C. Given the numbers you selected, What is the apparent complexity of each sorting

algorithm. Which data points did you use to come to your conclusion? You might want

to graph time vs. input size see the general shape of how a particular algorithm is

performing. Graphs are not required, they just might help you better understand what is

going on.

(please section each of your answers as )

I. Bubble

A. answer to part A

B. answer to part B

C. answer to part C

II. Insertion

A. answer to part A

B. answer to part B

C. answer to part C

III. Merge

A. answer to part A

B. answer to part B

C. answer to part C

IV. Quick

A. answer to part A

B. answer to part B

C. answer to part C

II. Repeat the above questions, but use the random-strings-sorted.txt as the document.

Use the same format as in part I for your answers

Please note: you may have to give java an argument to increase the stack size for

quicksort. To do this: java -Xss128m SortTimer …

and would set the stack size to 128 MBytes

III. What do you notice about the behaviour of the various algorithms in the pre-sorted

case?

Part 3: Examining Modified Insertion Sort (10 points)

In your PR4.txt file describe how modified insertion sort differs from classic insertion sort.

Specifically,

● what does the method binsearch actually do?

● how is it used in the modified insertion sort?

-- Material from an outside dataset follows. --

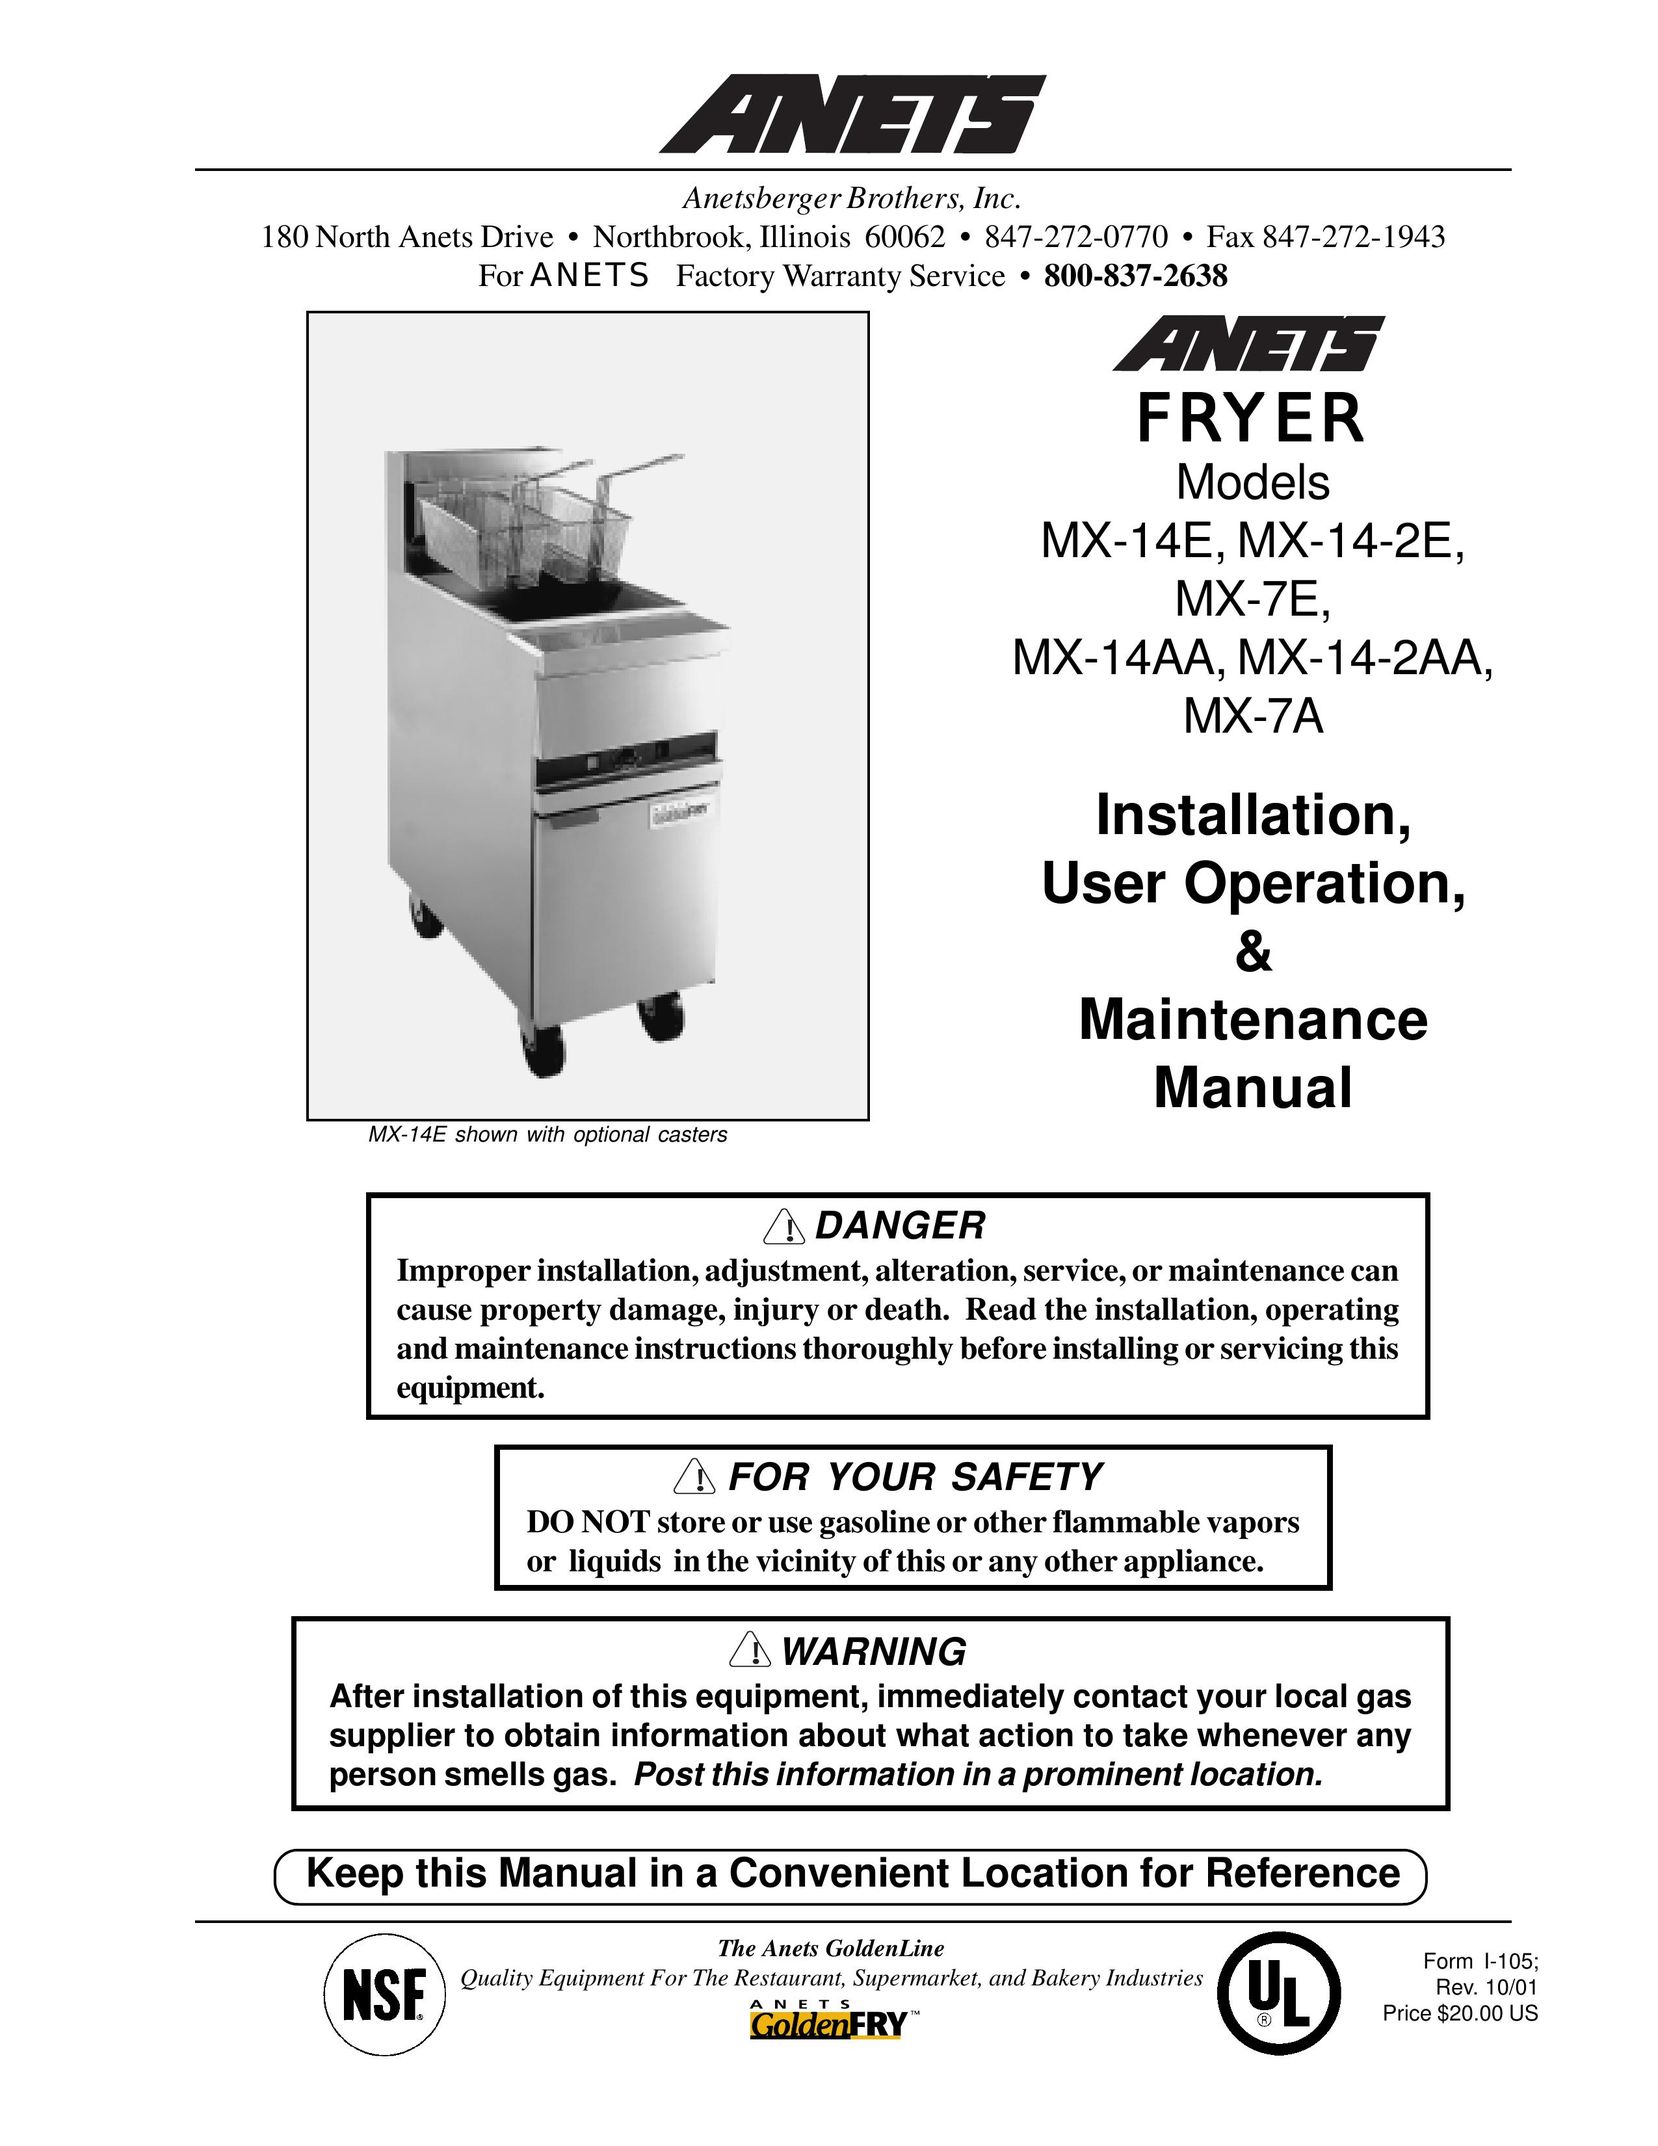 Anetsberger Brothers MX-14-2AA Fryer User Manual

● what is the space complexity of classic insertion sort? (in other words, how much

additional (temporary) space is required to have insertion sort work)

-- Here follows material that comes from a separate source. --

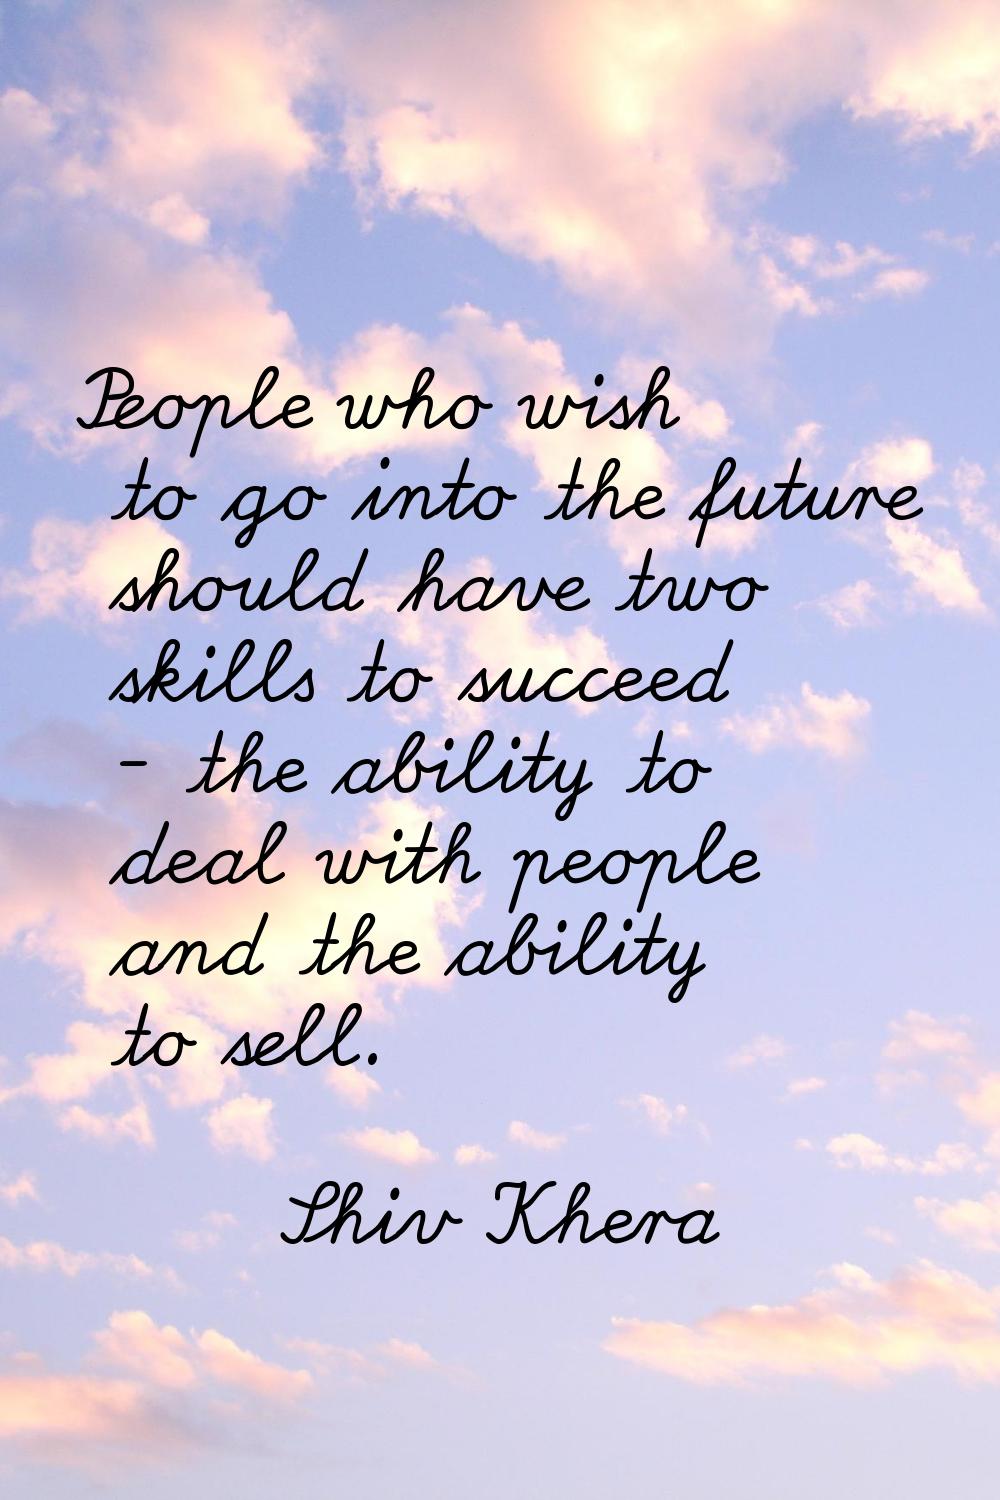 People who wish to go into the future should have two skills to succeed - the ability to deal with

● what is the space complexity of modified insertion sort? (how much additional

(temporary) space is used by modified insertion sort).

Note: space complexity is very similar to time complexity, it just measures how much memory is

required to run the algorithm Most often (but not always) this in term of how much auxilliary or

extra space is needed for the algorithm to complete (ignoring the space required by the data

structure itself, since it must be stored no matter what)

Turning in your assignment

For this assignment you will turn in your PR4.txt and Merge12.java via gradesource. An

announcement on Piazza will be made when it is ready.